12_Lagrange.tex

\section{Lagrange Multipliers}\label{sec:lagrange}

% this was originally Schoolcraft

In the previous section, we were concerned with finding maxima and minima of functions without any constraints on the variables (other than being in the domain of the function). We ended by discussing what we would do if there were constraints on the variables. The following example illustrates a simple case of this type of problem.\index{Lagrange multiplier}

\begin{example}[Maximizing an Area]\label{exmp_consimple}
For a rectangle whose perimeter is $20$ m, find the dimensions that will maximize the area.
\solution
The area $A$ of a rectangle with width $x$ and height $y$ is $A = xy$. The perimeter $P$ of the rectangle is then given by the formula $P = 2x + 2y$. Since we are given that the perimeter $P = 20$, this problem can be stated as:
\[\text{Maximize }f(x,y) = xy\text{ subject to }2x + 2y = 20\]
The reader is probably familiar with a simple method, using single-variable calculus, for solving this problem. Since we must have $2x+2y=20$, then we can solve for, say, $y$ in terms of $x$ using that equation.

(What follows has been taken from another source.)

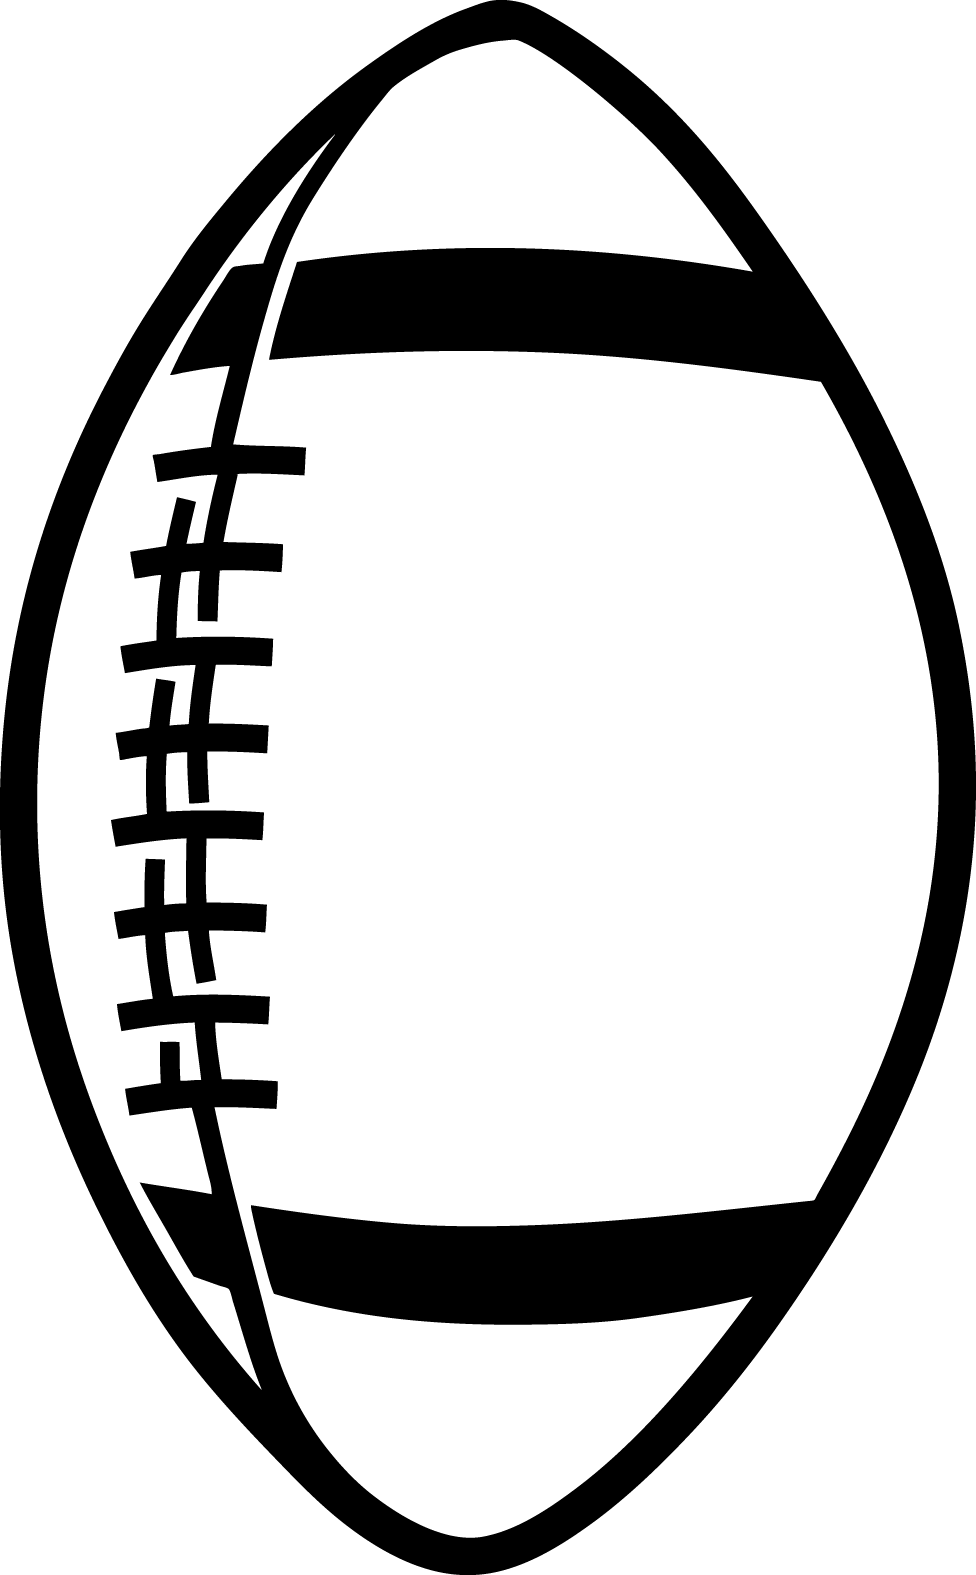 Football Outline Image | Clipart library - Free Clipart Images
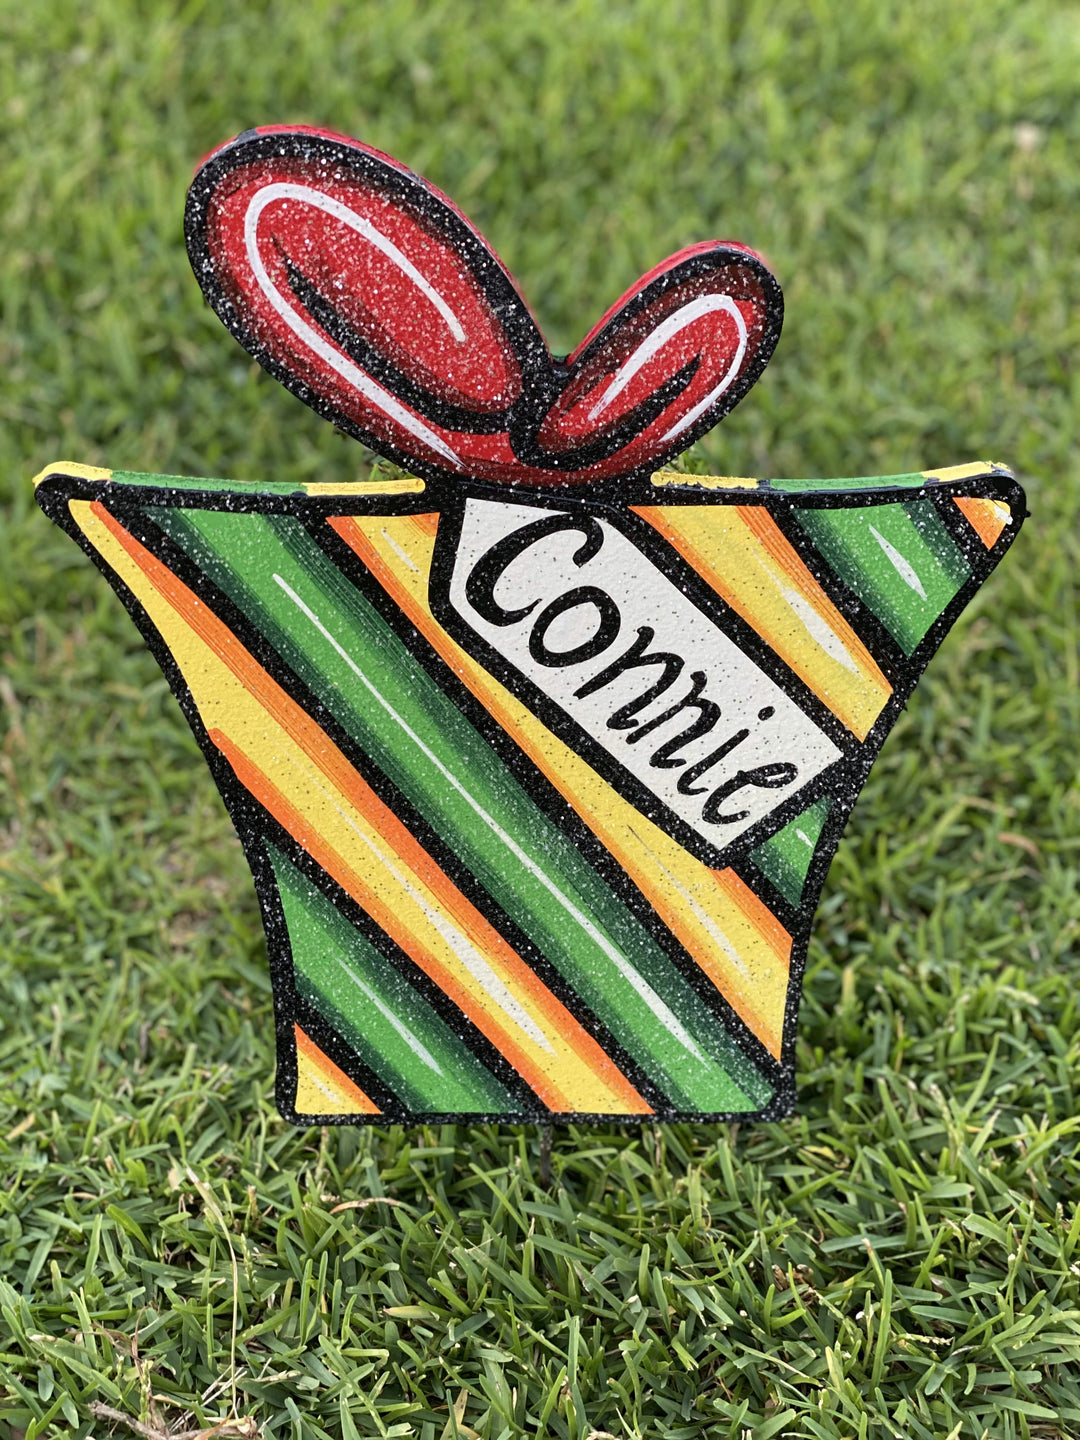 striped Christmas present with tag painted yard art design

This gives $y = 10 - x$, which we then substitute into $f$ to get $f(x,y) = xy = x(10-x) = 10x - x^2$. This is now a function of $x$ alone, so we now just have to maximize the function $f(x) = 10x - x^2$ on the interval $[0,10]$. Since $\fp(x) = 10-2x = 0 \Rightarrow x =5$ and $\fpp(5) = -2 < 0$, then the Second Derivative Test tells us that $x=5$ is a local maximum for $f$, and hence $x=5$ must be the global maximum on the interval $[0,10]$ (since $f = 0$ at the endpoints of the interval). So since $y=10-x =5$, then the maximum area occurs for a rectangle whose width and height both are $5$ m.
\end{example}

Notice in the above example that the ease of the solution depended on being able to solve for one variable in terms of the other in the equation $2x+2y=20$. But what if that were not possible (which is often the case)? In this section we will use a general method, called the \emph{Lagrange multiplier method}, for solving \emph{constrained optimization} problems:
%
\mnote{\textbf{Note:} Joseph Louis Lagrange (1736--1813) was a French mathematician and astronomer.}
%
\[
 \text{Maximize (or minimize) }f(x,y)\text{ subject to }g(x,y) = c
% \text{ or} \\
% \text{Maximize (or minimize): }f(x,y,z)\text{ subject to }g(x,y,z) = c
\]
for some constant $c$.
The equation $g(x,y) = c$ is called the \emph{constraint equation}, and we say that $x$ and $y$ are \emph{constrained} by $g(x,y) = c$. Points $(x,y)$ which are maxima or minima of $f(x,y)$ with the condition that they satisfy the constraint equation $g(x,y)=c$ are called \emph{constrained maximum} or \emph{constrained minimum} points, respectively. Similar definitions hold for functions of three variables.\index{constrained critical point}

The previous section optimized a function on a set $S$.  In this section, ``subject to $g(x,y)=c$'' is the same as saying that the set $S$ is given by $\{(x,y)|g(x,y)=c\}$. The Lagrange multiplier method for solving such problems can now be stated:

\begin{theorem}[Lagrange Multipliers]\label{thm:lagrange}
Let $f(x,y)$ and $g(x,y)$ be functions with continuous partial derivatives of all orders, and suppose that $c$ is a scalar constant such that $\grad g(x,y) \ne \vec0$ for all $(x,y)$ that satisfy the equation $g(x,y) = c$. Then to solve the constrained optimization problem
\[\text{Maximize (or minimize) }f(x,y)\text{ subject to }g(x,y) = c ,\]
find the points $(x,y)$ that solve the equation $\grad f(x,y) = \lambda \grad g(x,y)$ for some constant $\lambda$ (the number $\lambda$ is called the \emph{Lagrange multiplier}). If there is a constrained maximum or minimum, then it must be at such a point.
\end{theorem}

A rigorous proof of the above theorem is well beyond the scope of this text.
% todo include a proof sketch of Theorem 13.9.1 Lagrange Multipliers?
% todo refer to Extreme Value Theorem after Lagrange Multipliers?
%requires use of the Implicit Function Theorem, which is beyond the scope of this text. See \cite[\S\,6.8]{tm} for more detail.
Note that the theorem only gives a \emph{necessary} condition for a point to be a constrained maximum or minimum. Whether a point $(x,y)$ that satisfies $\grad f(x,y) = \lambda \grad g(x,y)$ for some $\lambda$ actually \emph{is} a constrained maximum or minimum can \emph{sometimes} be determined by the nature of the problem itself. For instance, in \autoref{exmp_consimple} it was clear that there had to be a global maximum.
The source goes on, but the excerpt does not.